There are are a lot of possibilities for an app that can do everything Checkfront says it can and deliver on it.

Currently, the app is in beta, but appears very robust.  Some of the more tedious things like entering a lot of inventory data, allow for CSV import, but for the most part, setting up a new business on Checkfront is time-consuming.  There isn’t a way around that without making the app useless, though, so that’s not points away from Checkfront by any means.

Once you’re set up with some data, though, it delivers a lot of useful tools.  You can schedule appointment types in various categories (most of the defaults center on hotel reservations or dining reservations) with price tags included.  So the South Wing could be set up to have 8 rooms at $100/each per night, for instance, while the Presidential Suite has only one listing and is $300/night.  Ad in some specialty products that can be set up to be waiting in your room (say, special bath salts or organic cleaning service) with more price tags, and you’ll begin to see how versatile Checkfront can be.
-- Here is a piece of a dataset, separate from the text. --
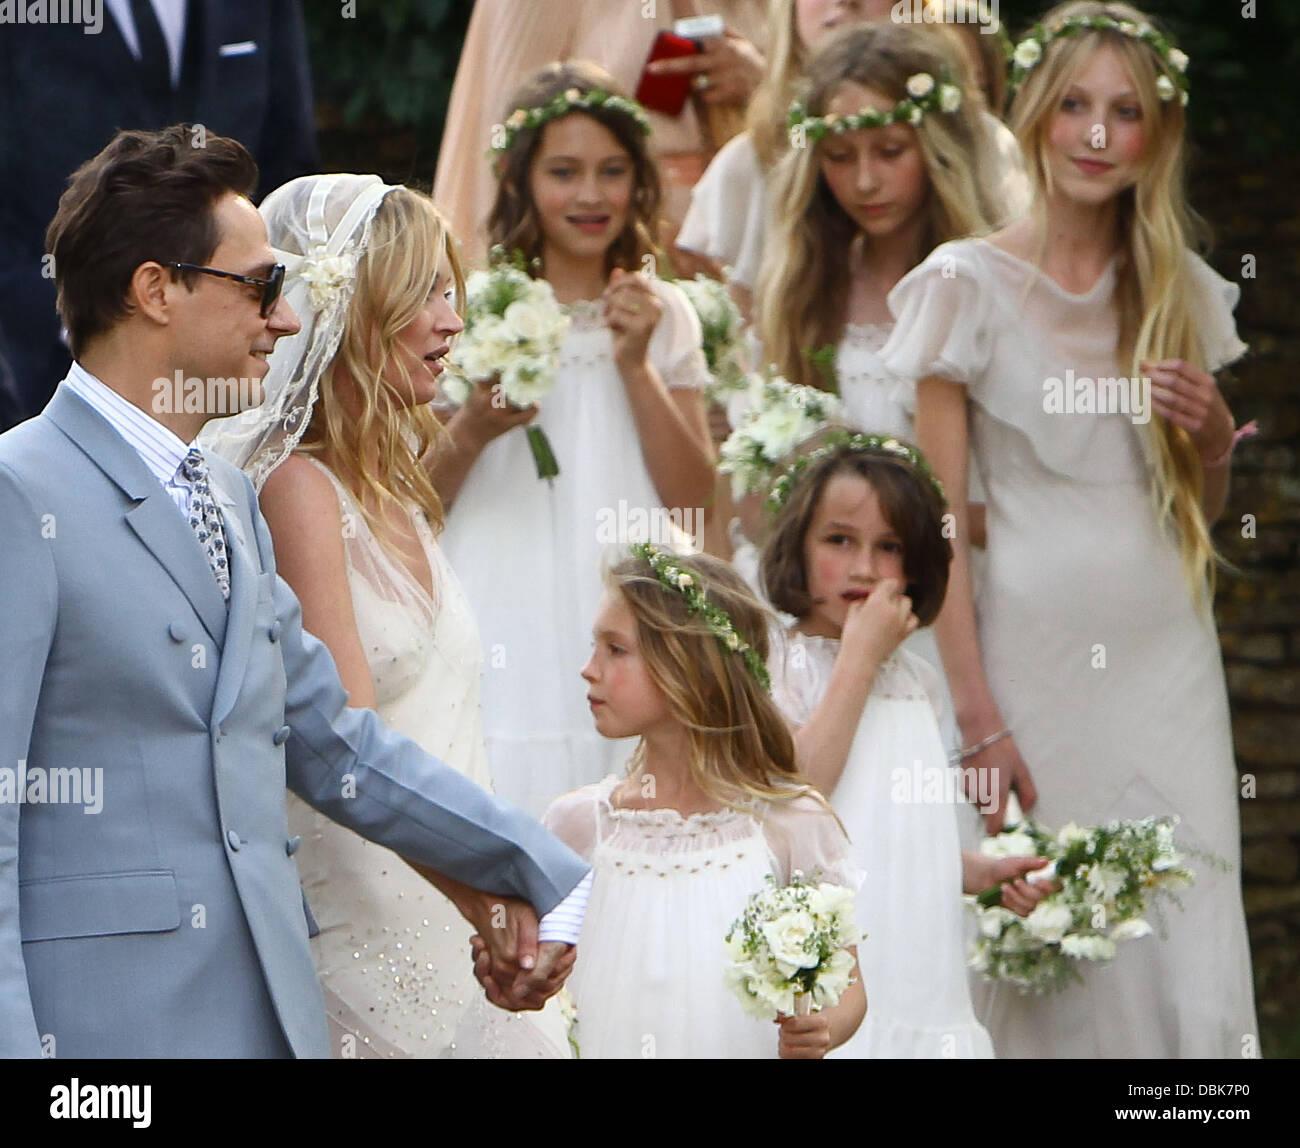 aea353fa54 Wedding Kate Moss Stock Photos Wedding Kate Moss Stock Images
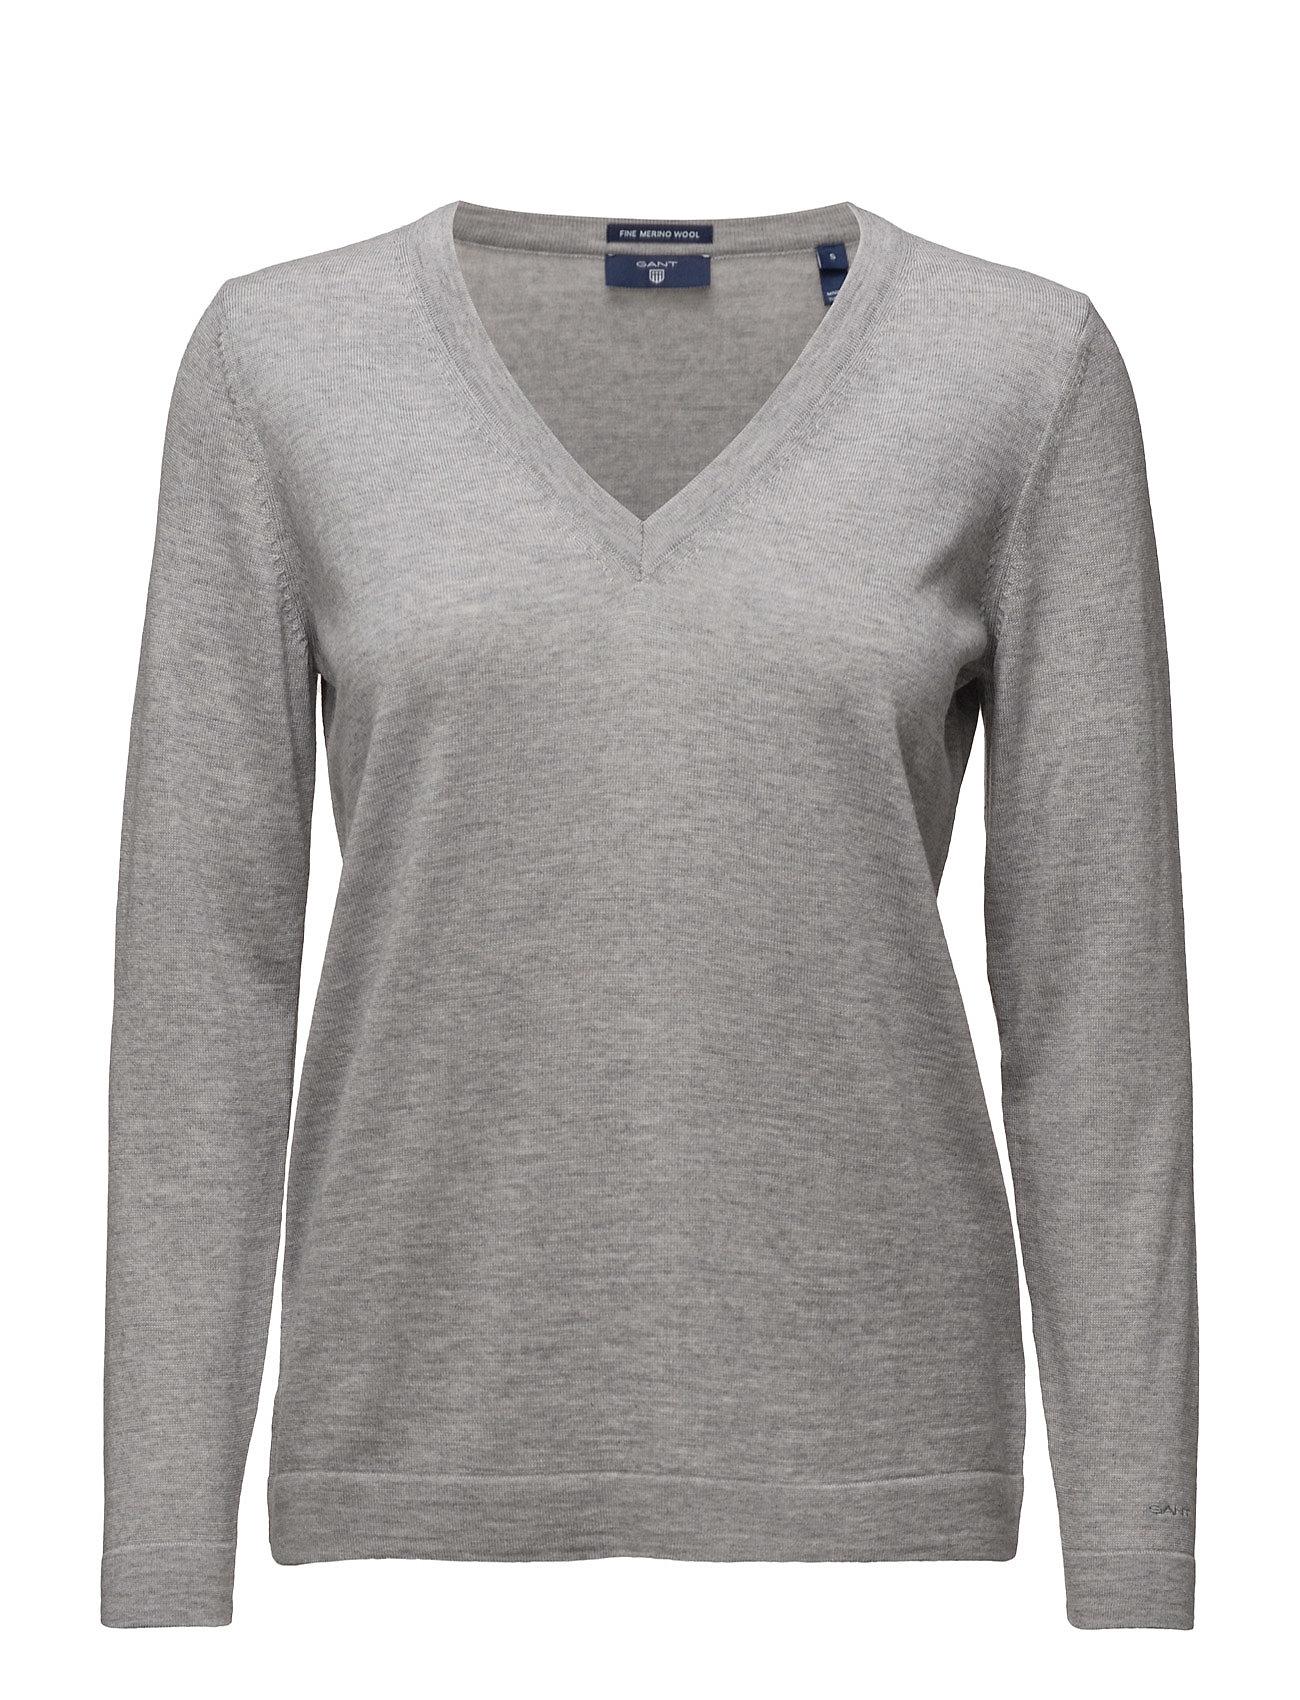 Fine Merino Wool V-Neck GANT Sweatshirts til Damer i Light Grey Melange

Reporting leaves a little to be desired if you’re a serious graph hound and number cruncher, but for most it’s probably just about what you’d need.

The app is free to try and worth checking out.  Unless you’re very new or have some time, though, don’t expect to build your entire business into Checkfront in an afternoon.  If you plan to integrate it into your website, it does have an API you can have your developer link with.